Если ты за границей, то все равно приезжай, приписал я в самом низу, что касается фильма, то я был неправ: можешь снимать что хочешь и с кем хочешь, мне все равно. Я с трудом попадал по клавишам — отвык от литовских букв, к тому же на клавиатуре лаптопа у меня не было диакритиков, а вставлять их было лень. Я представлял себе, как Лютас поморщится, увидев мою голую и босую латиницу, и улыбался. Потом я отправил письмо, перевернул пластинку и стал слушать ламенто плененной принцессы:
Un caro amante
Gentil costante,
mi diede Amor.
Лютас не ответил и не позвонил.
Оставалось воскресенье, я надеялся, что он одумается, появится в «Ди Маре», сядет за мой столик как ни в чем не бывало, и мы поговорим. В тот вечер, с грехом пополам выбравшись из галереи, я дошел до набережной и просидел минут сорок в траттории у итальянца, глотая эспрессо один за другим и вздрагивая при каждом шорохе вращающейся двери. Бармен косился на меня со смутной улыбкой, протирая бокалы и подолгу проглядывая их на свет. Один раз он сделал мне знак, щелкнув себя по горлу и кивнув на стойку, заставленную портвейном, похожим на разбавленный кленовый сироп. Он думал, что я нервничаю из-за женщины, которая опаздывает или вовсе решила не приходить. А я все еще пытался отдышаться после хождения по карнизу, к тому же, свалившись на землю, я расцарапал руку каким-то мусорным стеклом и сидел за стойкой, натянув рукав свитера на пальцы и чувствуя, как он намокает понемногу.

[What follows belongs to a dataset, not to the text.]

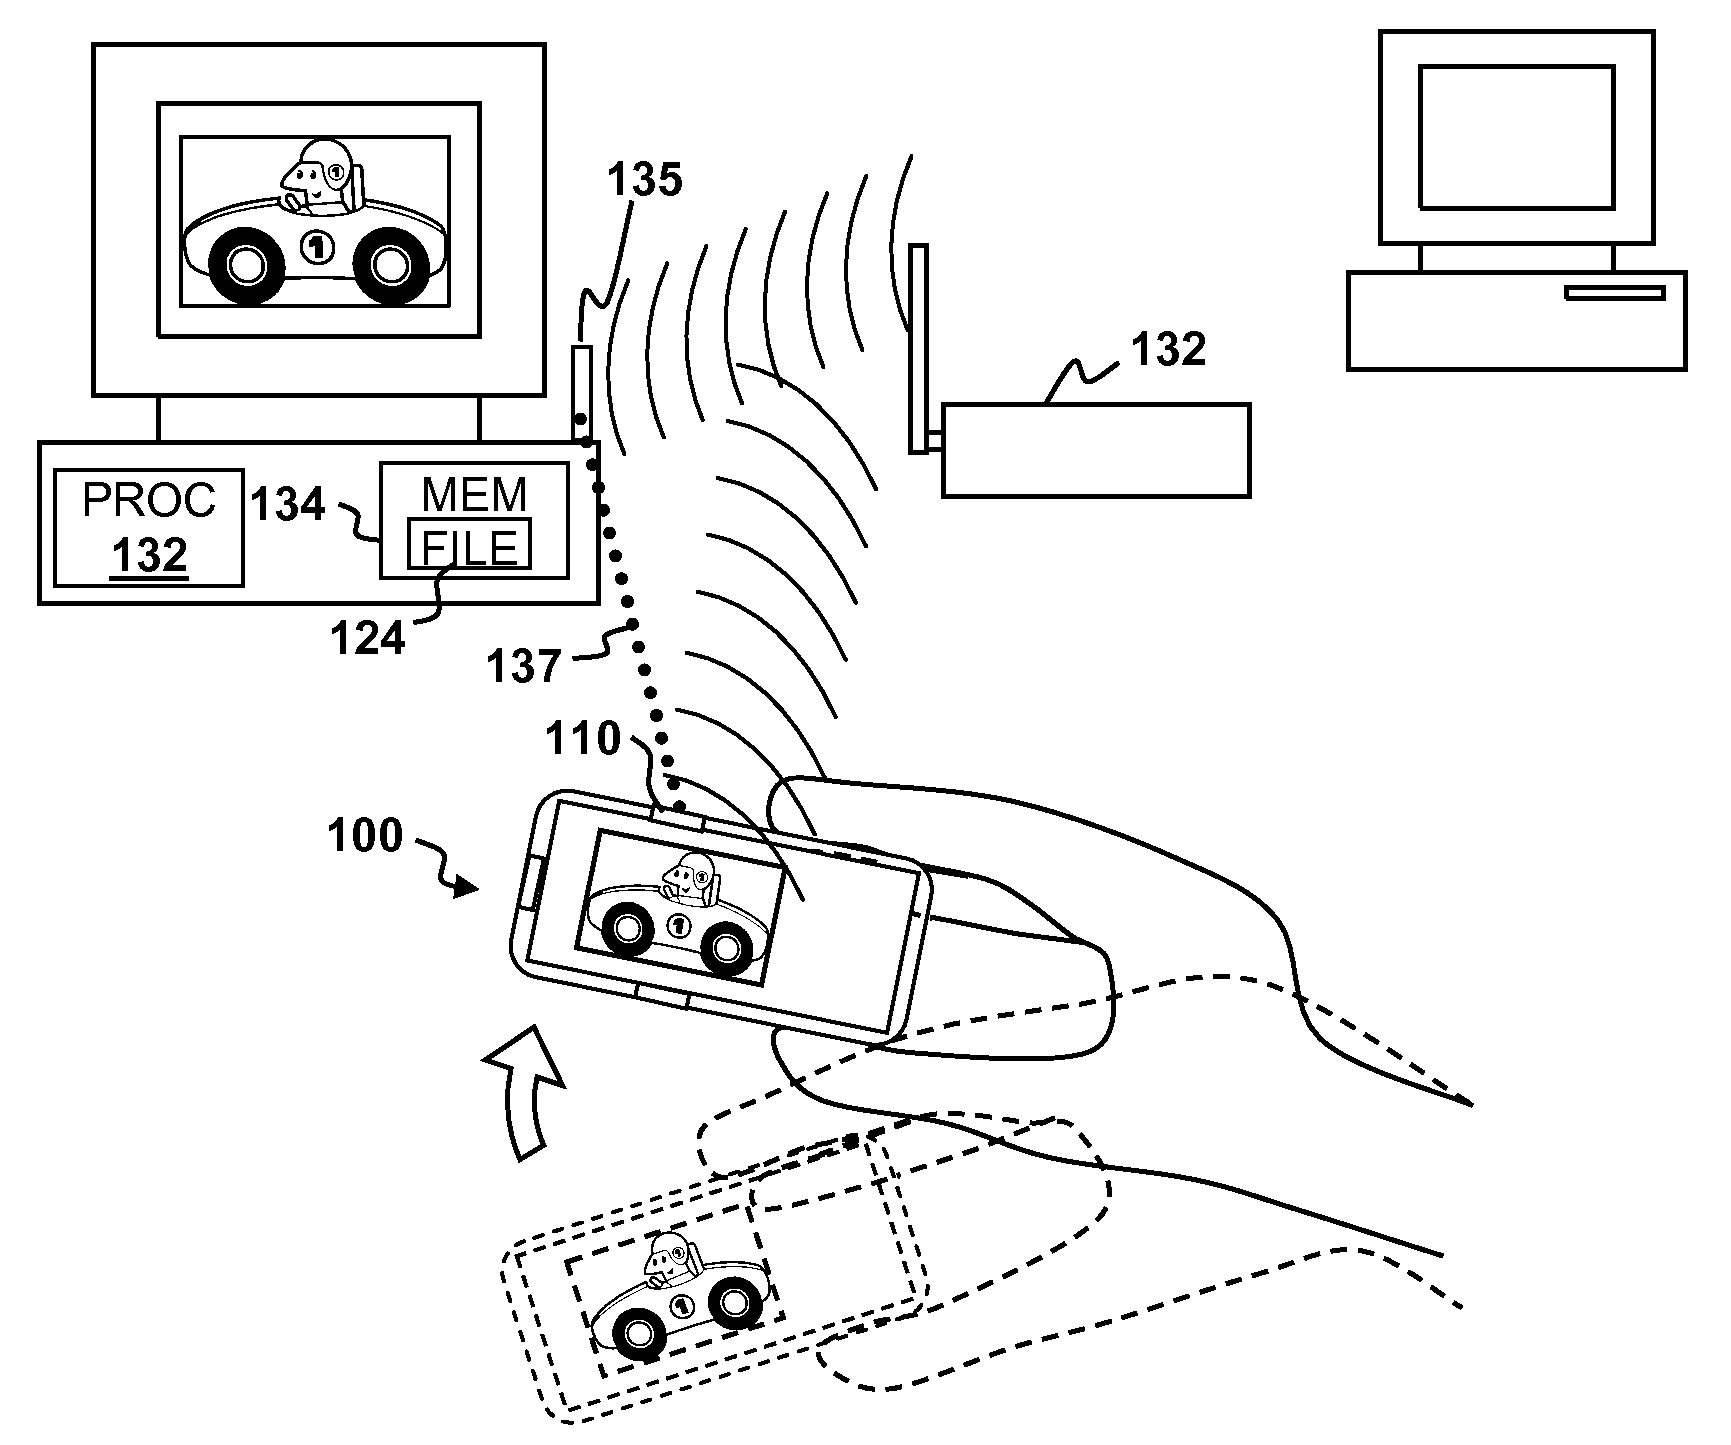 Data transfer using hand-held device

Прождав Лютаса около часа, я заказал стопку водки, выплеснул ее на ссадину и ушел в недоумении: обида обидой, но я не так часто просил его о помощи, а вернее, еще ни разу не просил. Я шел на вокзал вдоль берега, подняв задубелый воротник, чувствуя себя преданным и при этом, как ни странно, испытывая облегчение. Мой друг оказался не на высоте, струсил и тем самым снял с меня часть вины, понимаешь, Хани?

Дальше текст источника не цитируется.